使用新标签微调模型的分类器层答案

【问题标题】：Fine-tuning model's classifier layer with new label使用新标签微调模型的分类器层
【发布时间】：2021-07-13 10:43:53
【问题描述】：

我想使用新数据集对已经微调的 BertForSequenceClassification 模型进行微调，该数据集仅包含 1 个以前模型未见过的附加标签。
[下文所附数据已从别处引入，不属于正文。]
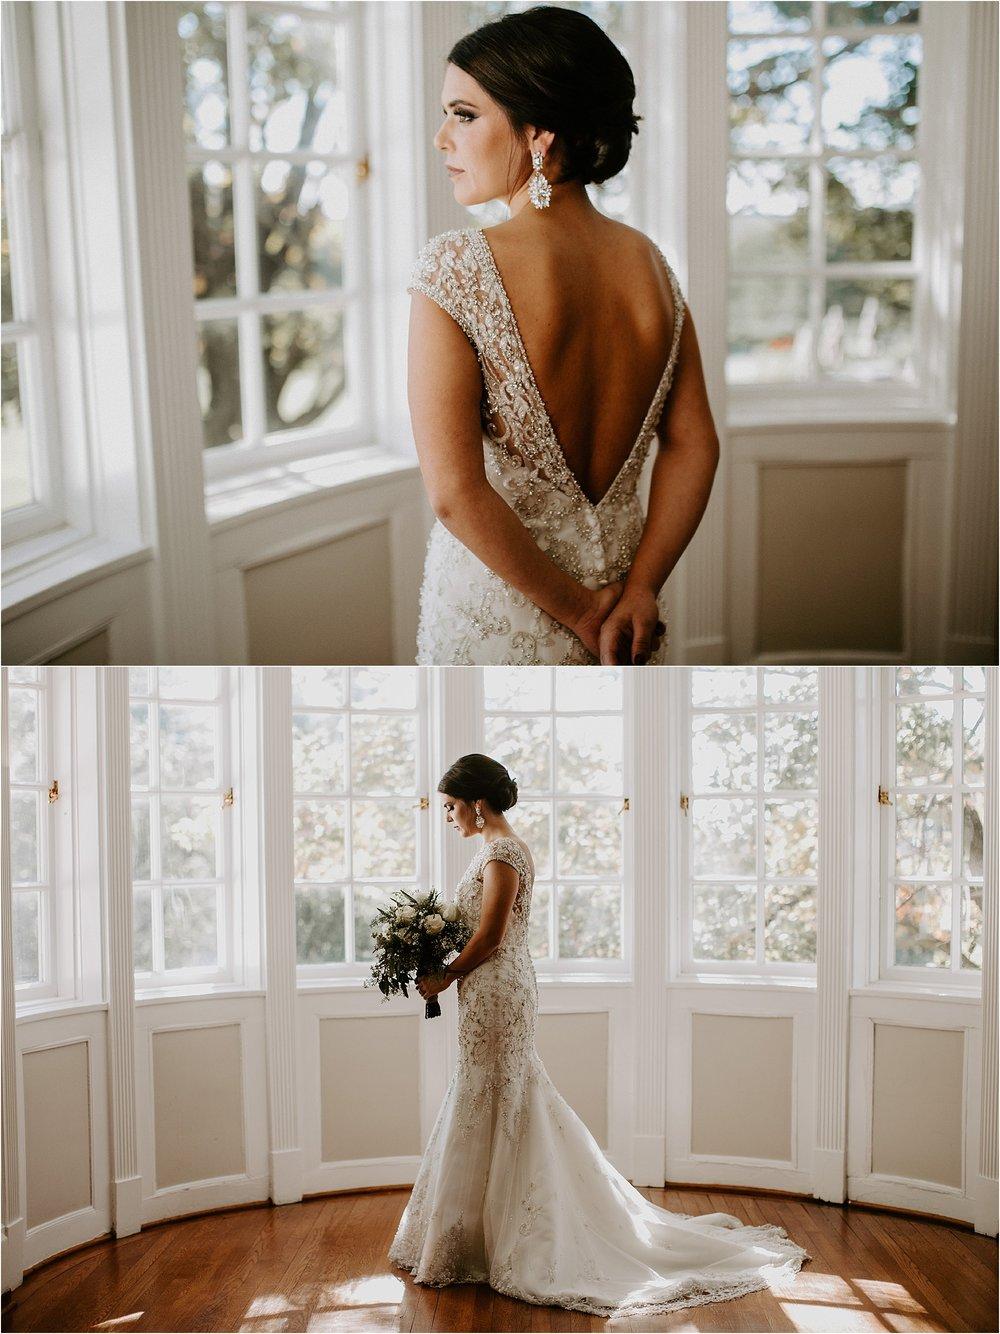 Sarah_Brookhart_Philadelphia_Wedding_Photographer_0015.jpg

由此，我想在模型当前能够正确分类的标签集中添加 1 个新标签。

此外，我不希望随机初始化分类器权重，我希望保持它们不变，并根据数据集示例相应地更新它们，同时将分类器层的大小增加 1。

用于进一步微调的数据集可能如下所示：

sentece,label
intent example 1,new_label
intent example 2,new_label
...
intent example 10,new_label

我的模型当前的分类器层如下所示：

Linear(in_features=768, out_features=135, bias=True)

我怎样才能实现它？
这甚至是一个好方法吗？

【问题讨论】：

标签： pytorch huggingface-transformers

【解决方案1】：

您可以使用新值扩展模型的权重和偏差。请看下面的注释示例：

#This is the section that loads your model
#I will just use an pretrained model for this example
import torch
from torch import nn
from transformers import AutoModelForSequenceClassification, AutoTokenizer
tokenizer = AutoTokenizer.from_pretrained("jpcorb20/toxic-detector-distilroberta")
model = AutoModelForSequenceClassification.from_pretrained("jpcorb20/toxic-detector-distilroberta")
#we check the output of one sample to compare it later with the extended layer
#to verify that we kept the previous learnt "knowledge"
f = tokenizer.encode_plus("This is an example", return_tensors='pt')
print(model(**f).logits)

#Now we need to find out the name of the linear layer you want to extend
#The layers on top of distilroberta are wrapped inside a classifier section
#This name can differ for you because it can be chosen randomly
#use model.parameters instead find the classification layer
print(model.classifier)

#The output shows us that the classification layer is called `out_proj`
#We can now extend the weights by creating a new tensor that consists of the
#old weights and a randomly initialized tensor for the new label 
model.classifier.out_proj.weight = nn.Parameter(torch.cat((model.classifier.out_proj.weight, torch.randn(1,768)),0))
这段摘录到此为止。